Another commenter said this:
I had a long discussion with a friend about this whole sort of syndrome late in '99. He opined, and I've come to adopt a similar notion, that some folks, deep down, want it all to collapse. With so many daily demands on our attention, just seeing it all go away and getting back to fulfilling basic requirements might seem like a gigantic relief.
It would be a relief, and it would also create a more honest and fundamentally sound society. I don't just want these things "deep down", I want them "shallow up", too.
MikeT, EW, I agree that urban living increases the difficulty of a self-sufficient lifestyle, particularly when it comes to gardening and permaculture, but other survival-minded things may be done to compensate for that deficiency, although if one moves frequently, it can be a bit of a burden to hoof particularly bulky goods across town or beyond. I'm dealing with a similar situation, and it takes a bit of improvisation to make it fly, but it's not impossible, or even improbable.
Regarding predation of retreats by the unprepared: it's just another history-comprehension failure.
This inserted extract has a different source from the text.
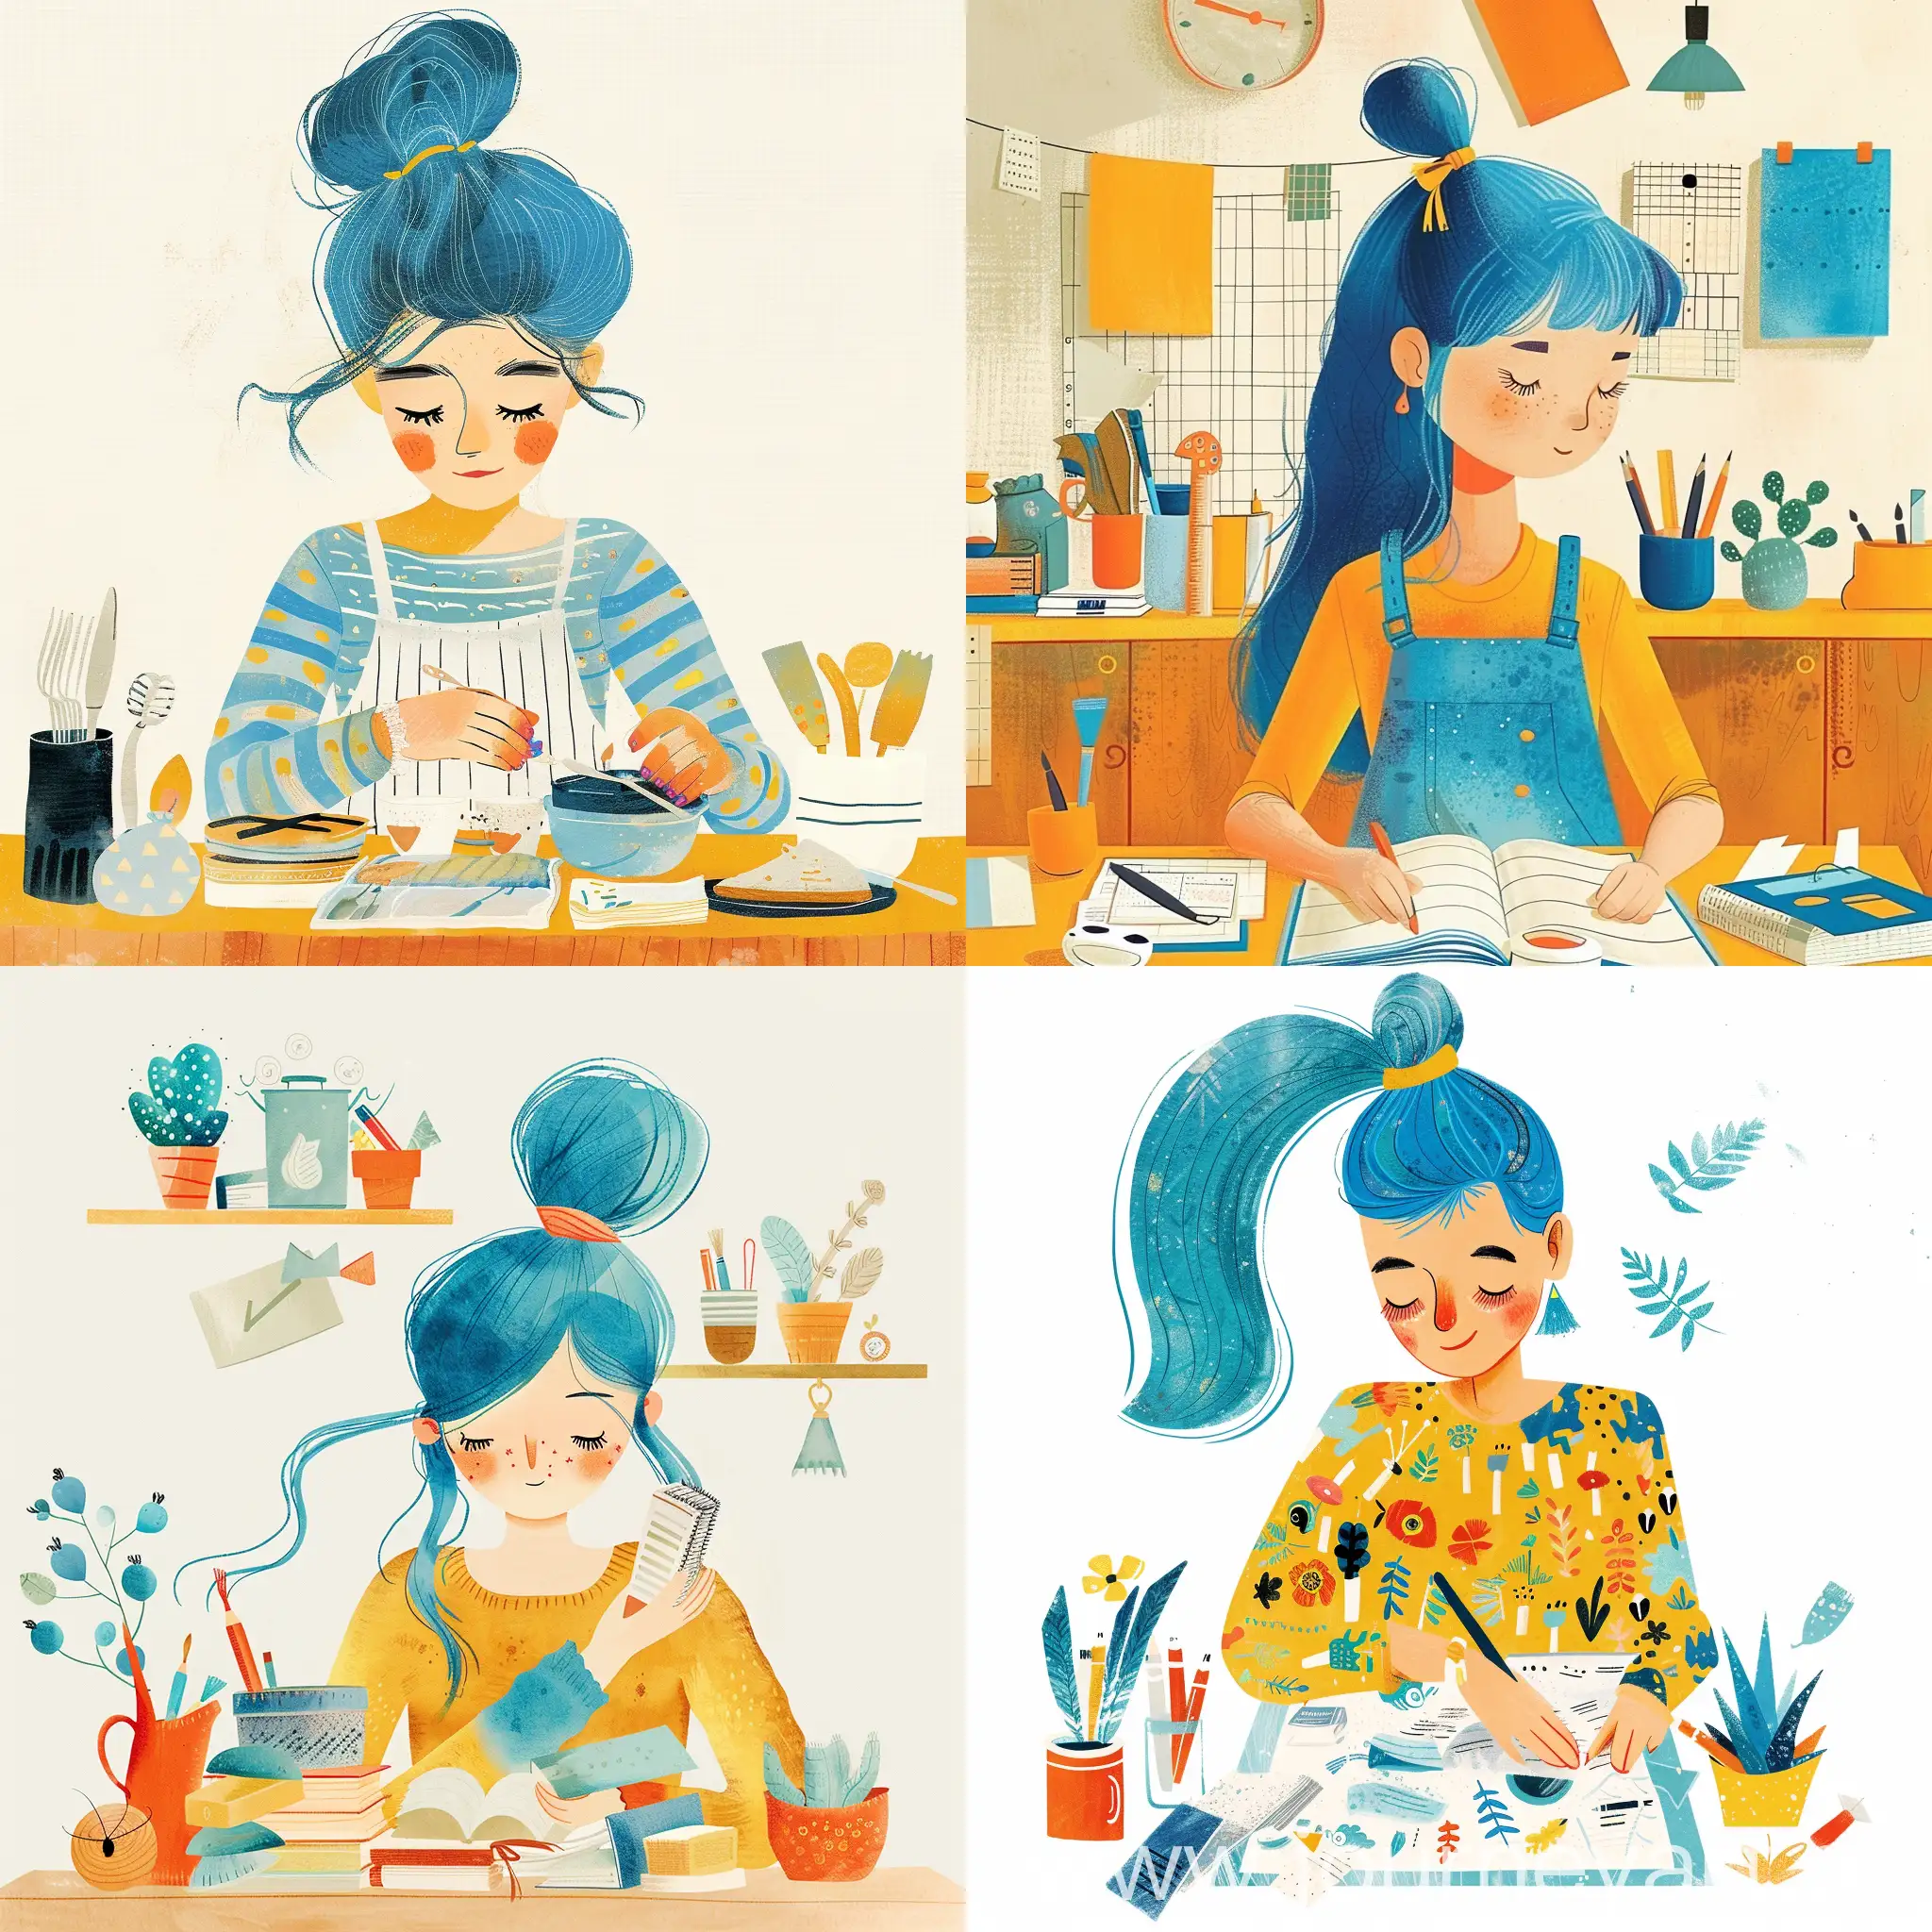 Creative-Woman-with-Blue-Hair-Working-on-Tasks-Childrens-Book-Illustration

Storming a fortified area or laying siege without supplies, support or artillery is idiotic, especially when the premise of the argument is that they are without said resources.
SCS, I believe permaculture is one of the smartest things that could be done for any homestead-type property. Maintenance is minimal, and the return-on-investment is astronomical. Between that and a domestic alternative-energy system, one is already leaps and bounds ahead of the mouth-breathing Metafilter horde.
All of these things help keep household income focused on things that increase liberty and security, which I truly believe can steer us toward that more "honest and fundamentally sound society", as Triton said. There's nothing not to like there.
It's a sad commentary that such practices would improve life regardless of what would happen, and the general reaction is that such an attitude is backwards. If they don't want to live in that future, that provides all the more incentive for me to fight tooth-and-nail to see that sunrise, nes pa?